====== Material provided

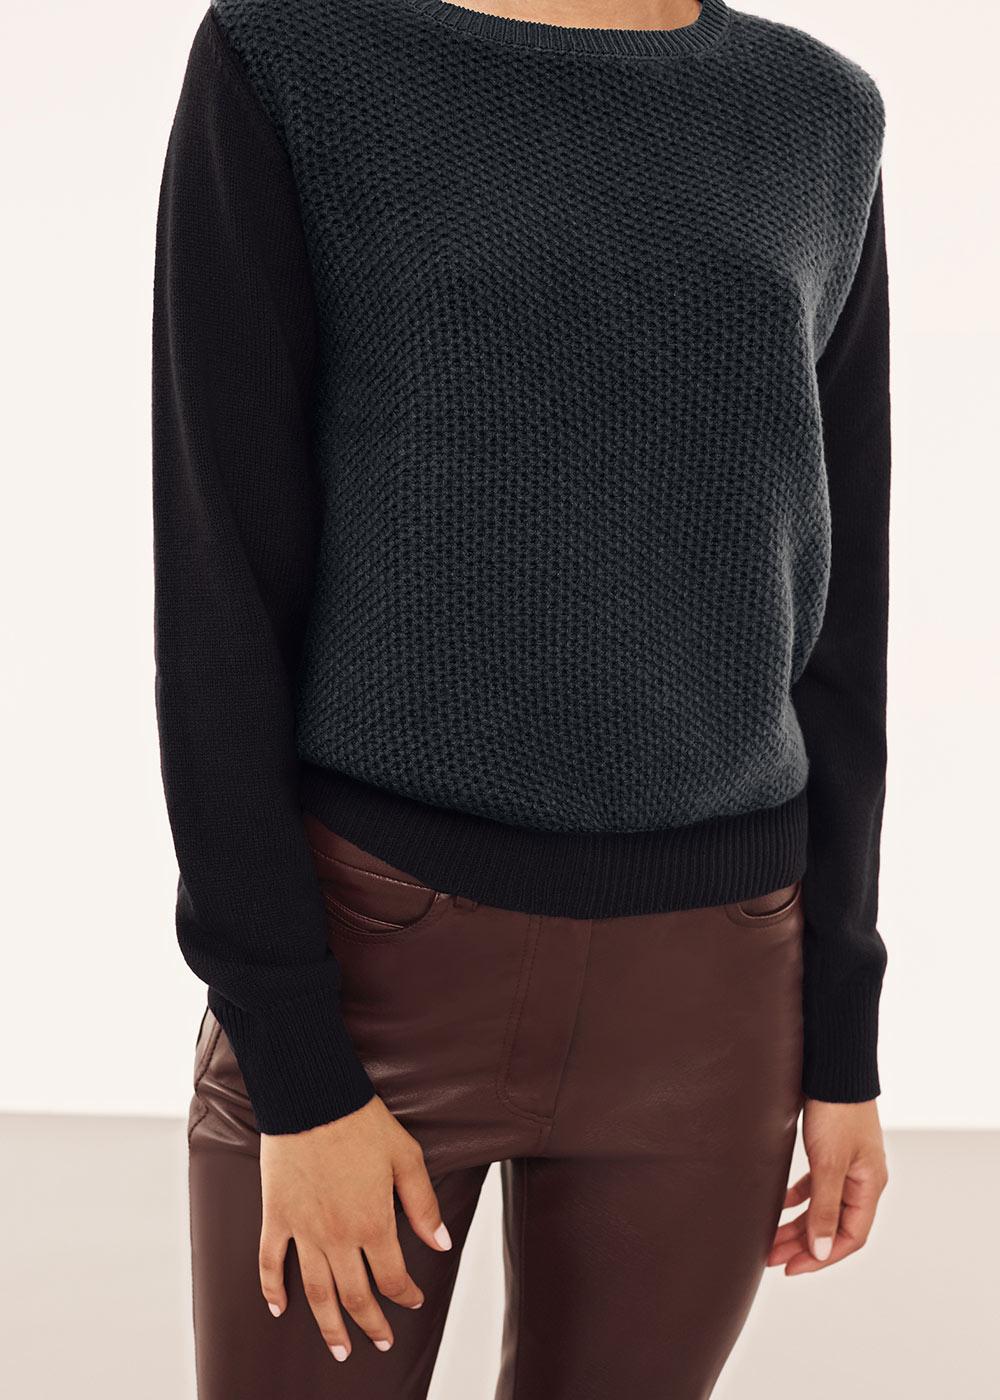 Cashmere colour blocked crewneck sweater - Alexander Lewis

============
====== Material provided

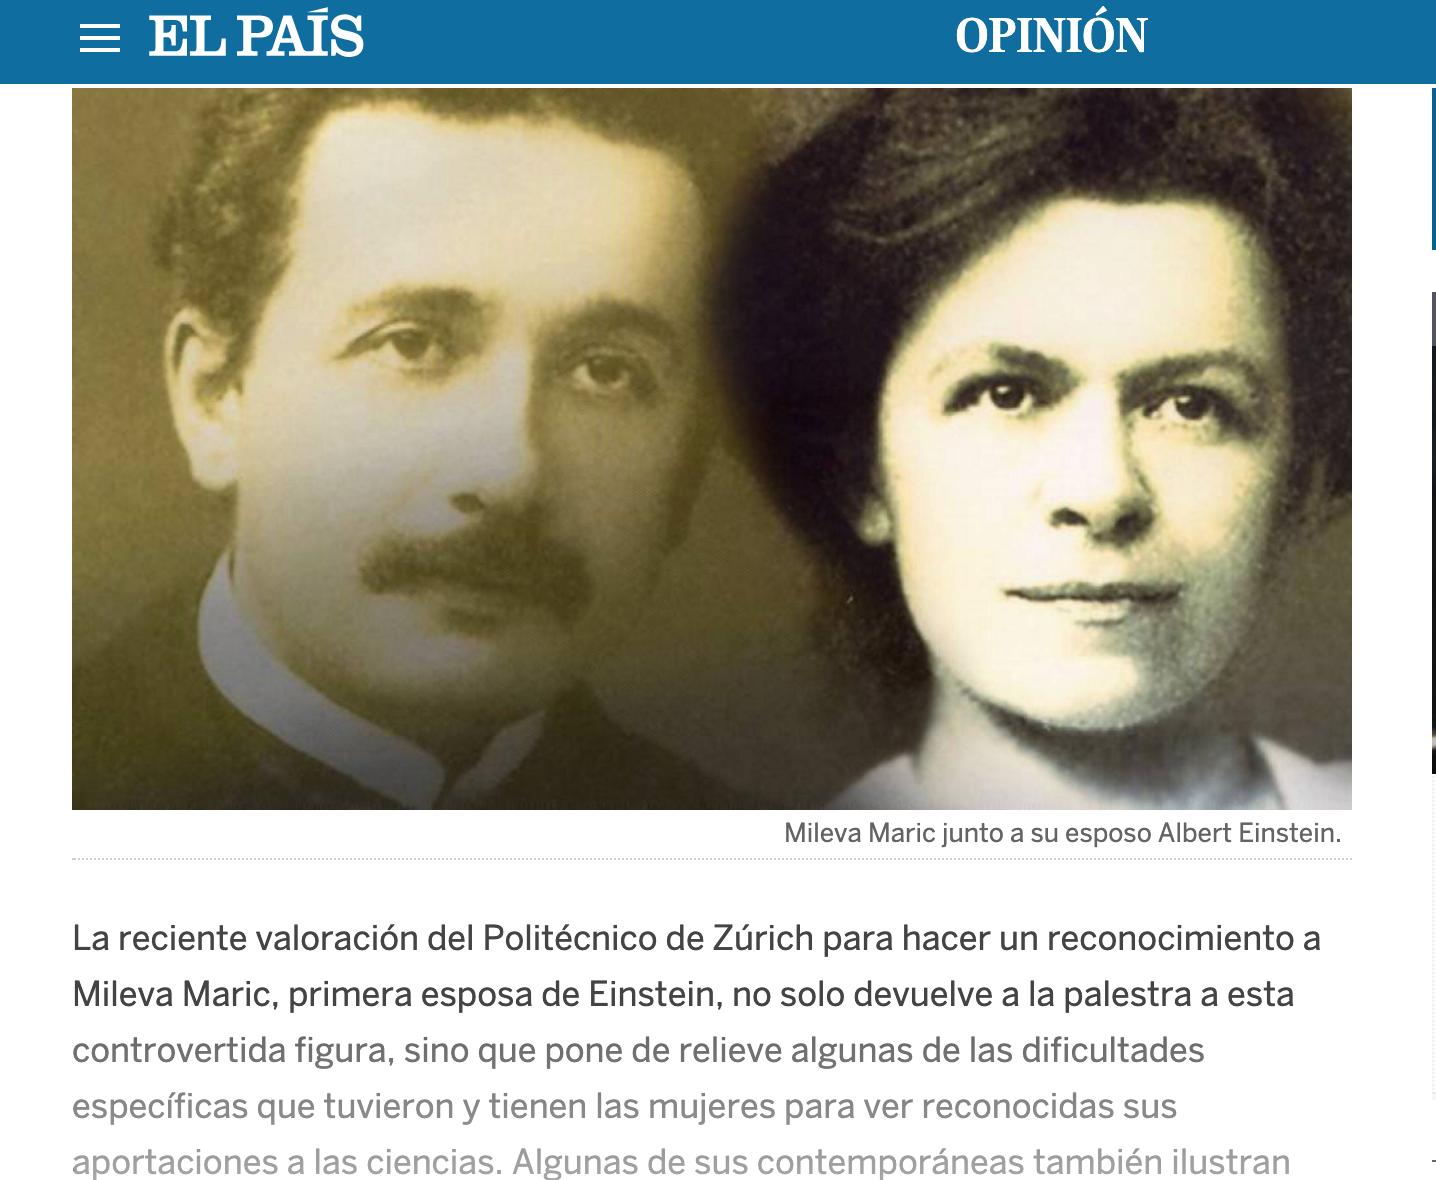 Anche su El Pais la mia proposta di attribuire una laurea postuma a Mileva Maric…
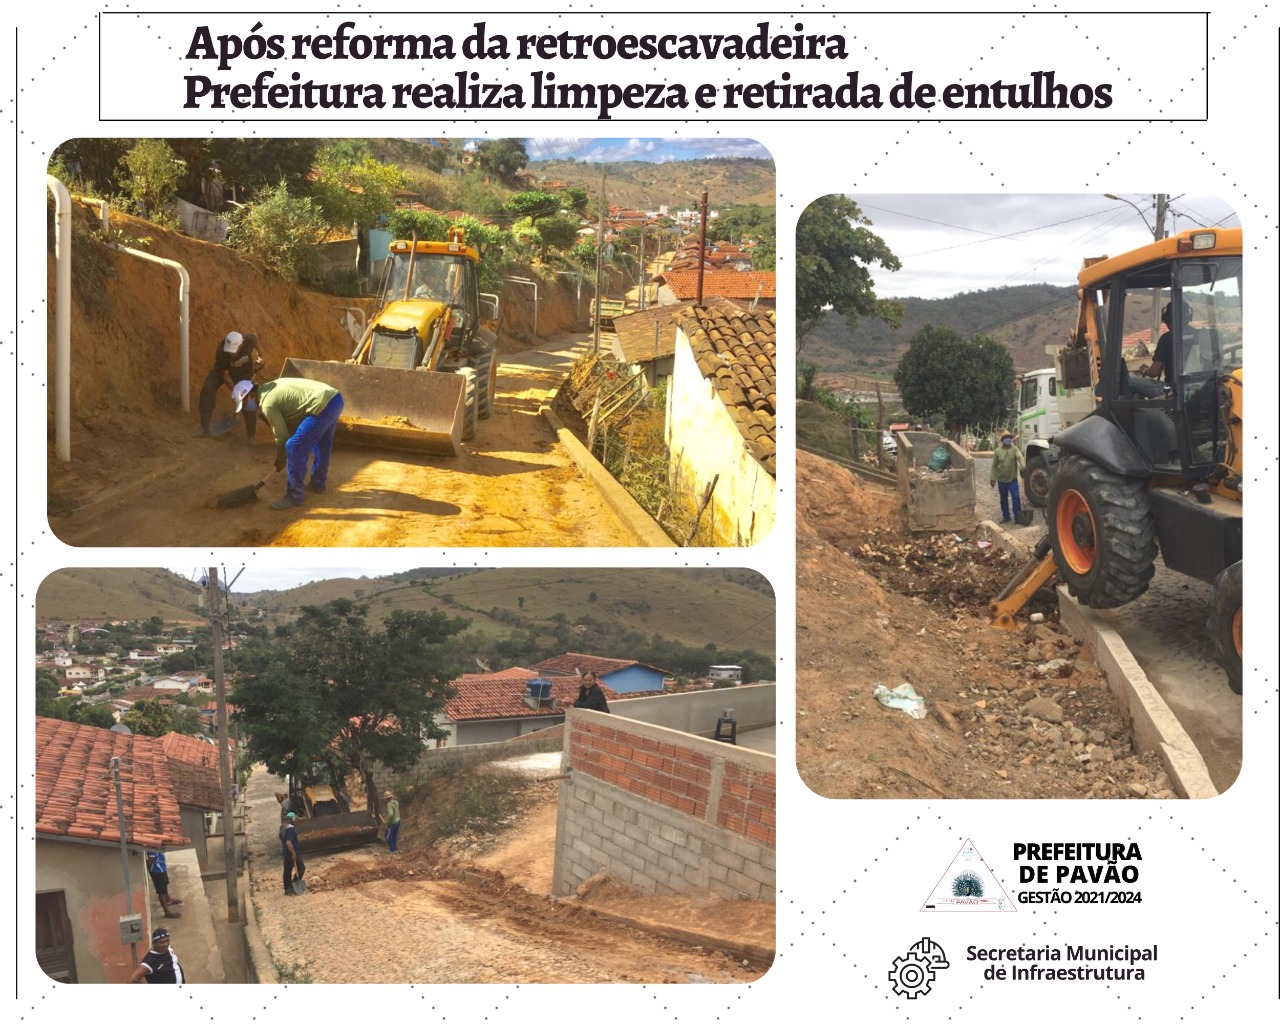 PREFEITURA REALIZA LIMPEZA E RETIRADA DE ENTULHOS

============

Task directions: Working from the entries above, reproduce exactly and only the lines beginning with the line that has "Anche su El" and ending with the line that has "PREFEITURA REALIZA LIMPEZA"; omit all pictures.

Task answer:
 Anche su El Pais la mia proposta di attribuire una laurea postuma a Mileva Maric…
 PREFEITURA REALIZA LIMPEZA E RETIRADA DE ENTULHOS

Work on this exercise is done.